With respect fiction film, it is harder to judge as good research is often kept to the background. The fiction films that, for me, always stood out as examples of good research are The Age of Innocence
and The Remains of the Day
. This is in part because they are period dramas which do seem to stand out. (I expect this is also why they regularly win oscars for best costumes.) However, these two films are also particularly atuned to how the nuances of social behaviour affect individuals, which may be why they stand out: the research is absorbed into the story. I remember reading an article about The Age of Innocence
in which the journalist visited the set during filming and witnessed a historian that was an expert on 19th century New York society.

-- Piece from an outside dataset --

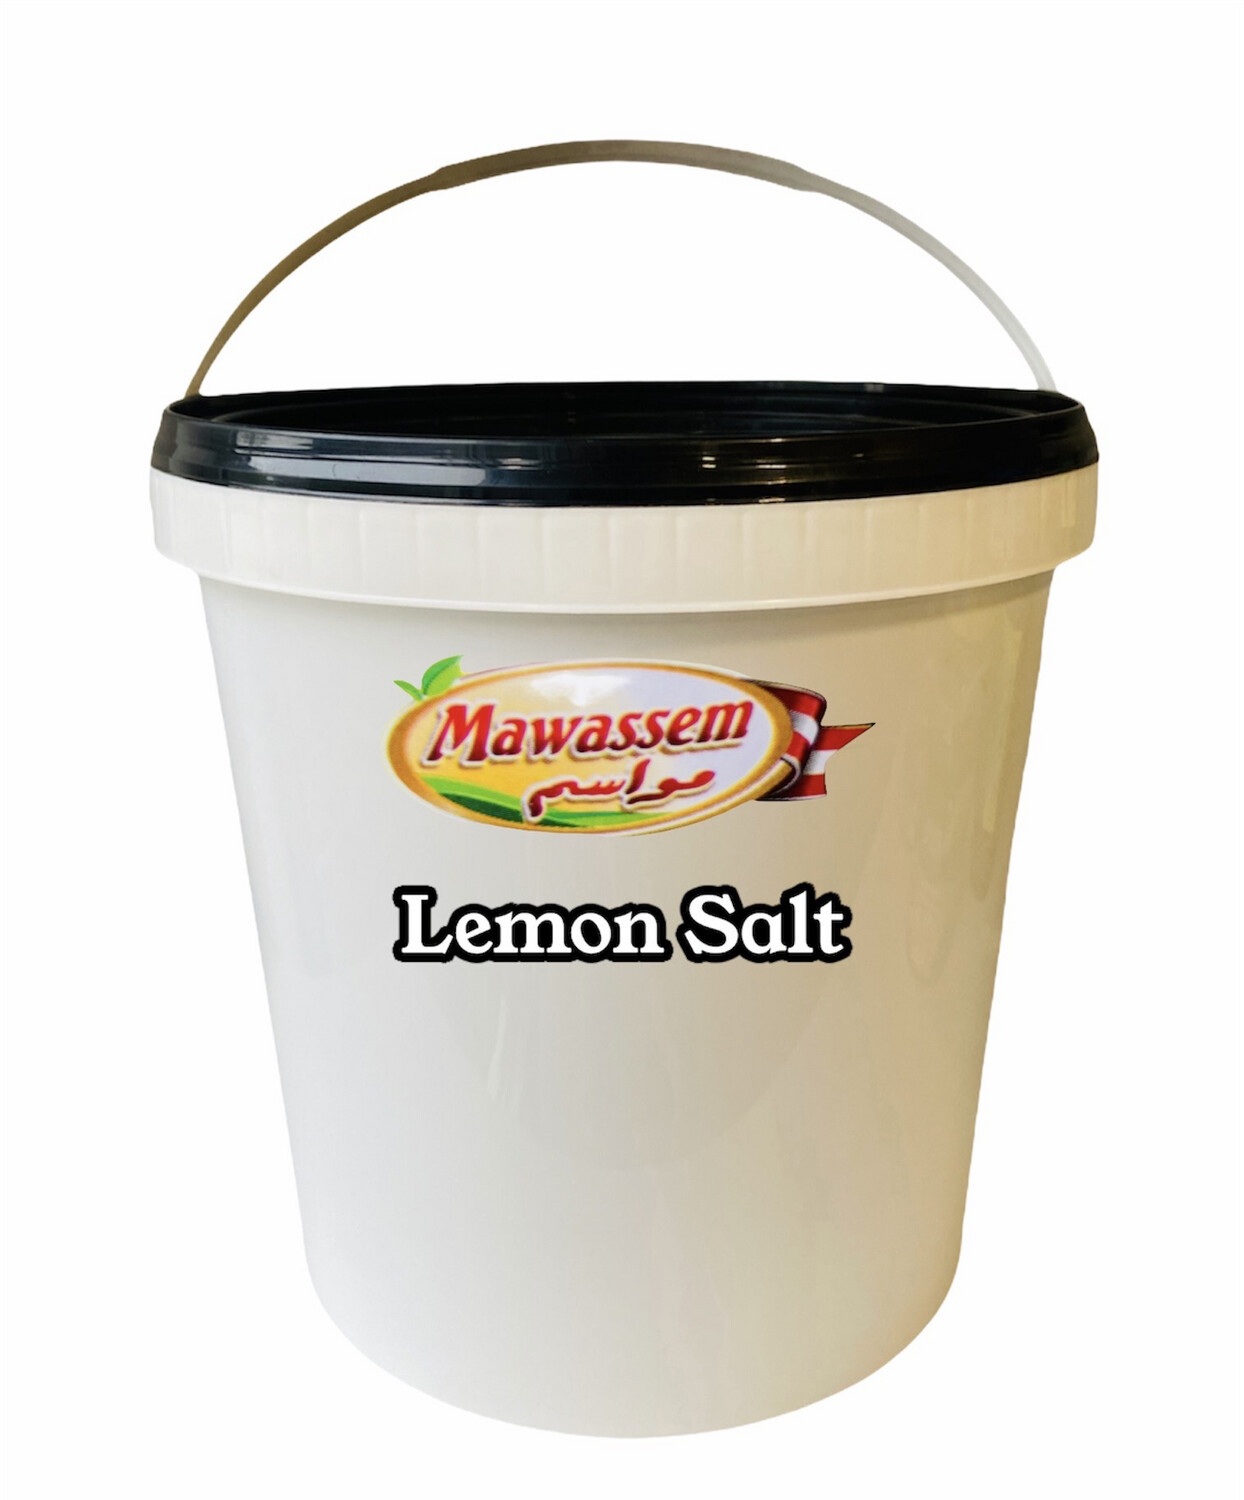 Mawassem 5lb Lemon Salt

The journalist reported that they corrected things such as how people held their cutlery, patterns on plates, etc. Tiny tiny things but all of this affects performance and feeds into understanding the experience of living such restricted, controlled lives.
As for documentaries, whether they would stand up to a second viewing, I dunno, but The Thin Blue Line
and Capturing The Freidmans
blew me away when I saw them. I am sure there are many many more that do not see a wide public release that deserve recognition.

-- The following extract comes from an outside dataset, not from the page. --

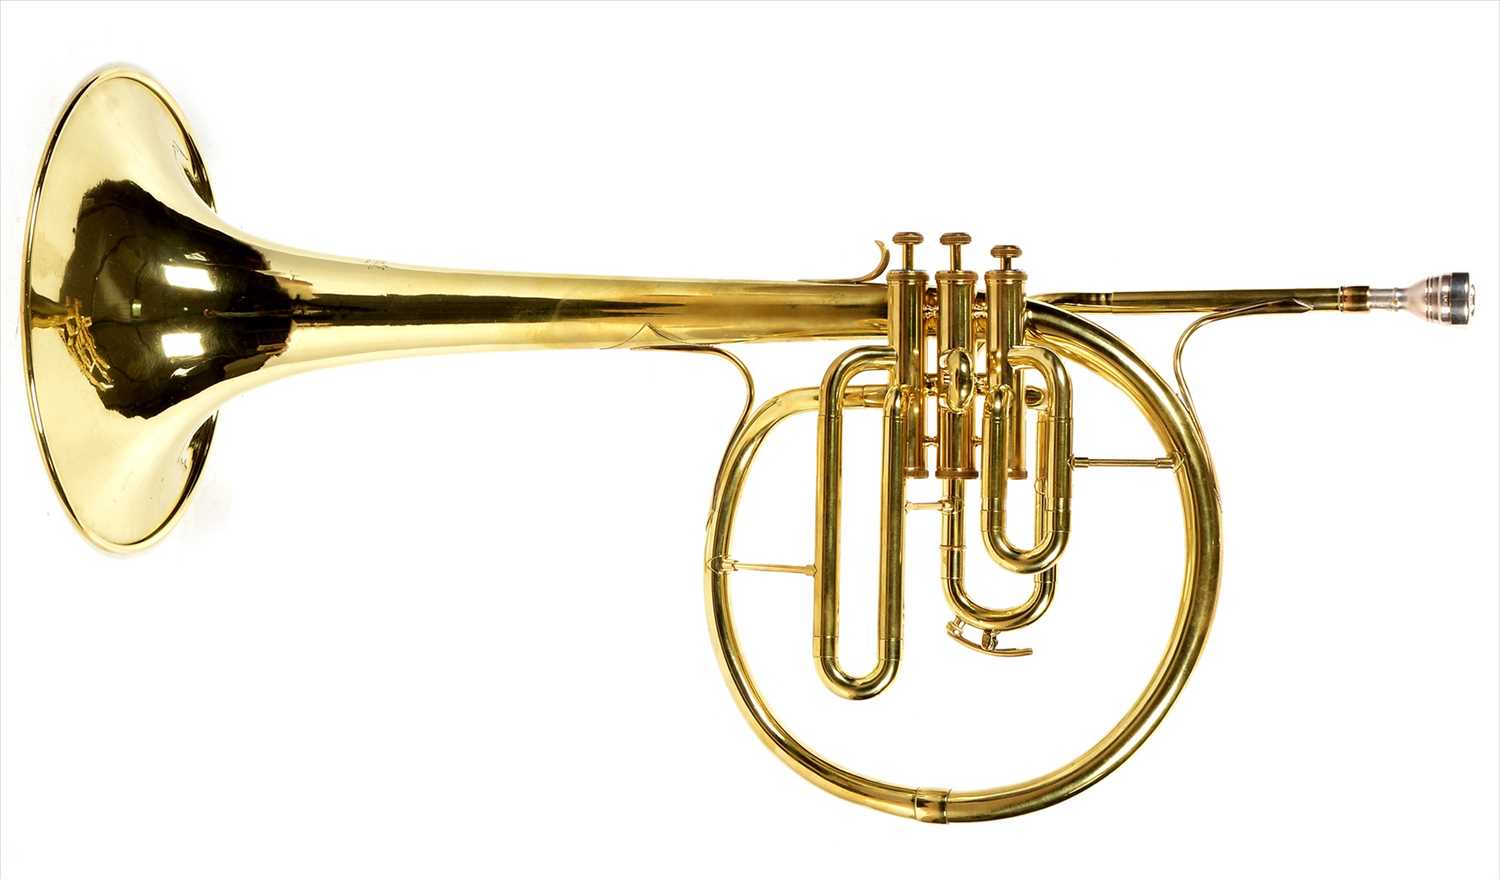 Lot 126 - Amati Brass Mellophone

As for the experience of researching this documentary, it was certainly interesting. We had two months to do the research and complete the interviews. I had researched the photographs for my Masters by Research thesis, and contacted the producer at the time. She remembered me and, when the project was green-lit, she got me on board. I had worked with the 1500 odd pictures at the library of congress and was the only person that had said to her 'yes, you can find the people in the pictures'. Everyone else said it was an impossible task. Thankfully, Fusco took pictures most of the way along the track so the photos were like one giant jigsaw, covering approx 250 miles. From there, it was a matter of identifying places. Some were obvious (stations), others took a little more work (business signs, street signs), and some would have been impossible without the help of a friendly Amtrak employee who proved invaluable. On the basis of otherwise insignificant details such as how the track lines and overhead wires ran, etc. he was able to give us cross roads for many of the photos. Then the legwork began, and it was literally a case of knocking door to door and visiting community establishments (churches, schools, clubs, etc.). Obviously I had a lot of contact with local press between NYC and DC, and also had to field a lot of phone calls from people that came out to see the train. On the basis of their descriptions, I had to try and identify them in the photos.

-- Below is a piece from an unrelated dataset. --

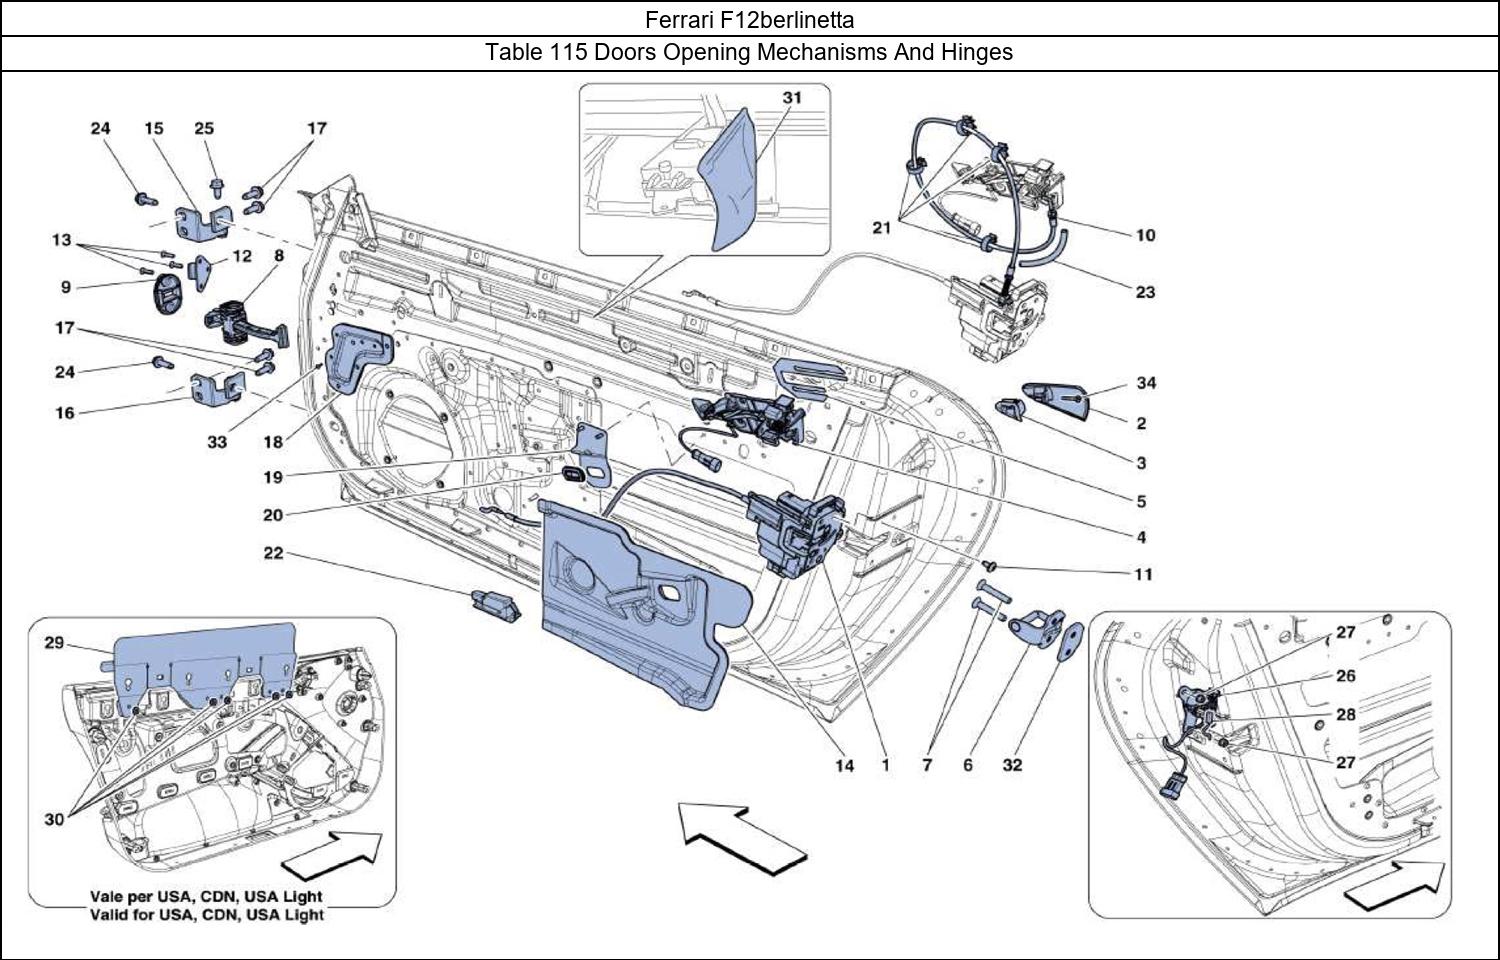 Ferrari Parts Ferrari F12berlinetta Table 115 Doors Opening Mechanisms And Hinges

All in all, it was fun and I really enjoyed the experience. I worked like a dog and was exhausted by the end of it, I think if it had been any other project I probably wouldn't have given quite so much to it. On average I was doing 15 hour days, and had 3 days off in 2 months. I had met Paul Fusco during my MRes research, though, and he is a really interesting and generous individual. I felt I owed him, I also loved his photographs (hence the thesis) and thought they deserved wider public acclaim. Also... I have to admit... I am a geek and love puzzles. This was one huge puzzle from beginning to end.
At the end of all this, though, I still
haven't seen the film! I may yet end up cringing at the film I researched. Having witnessed a few interviews taking place, though, I expect it will be pretty darn engaging.
Edited by gigi, 18 July 2010 - 05:18 PM.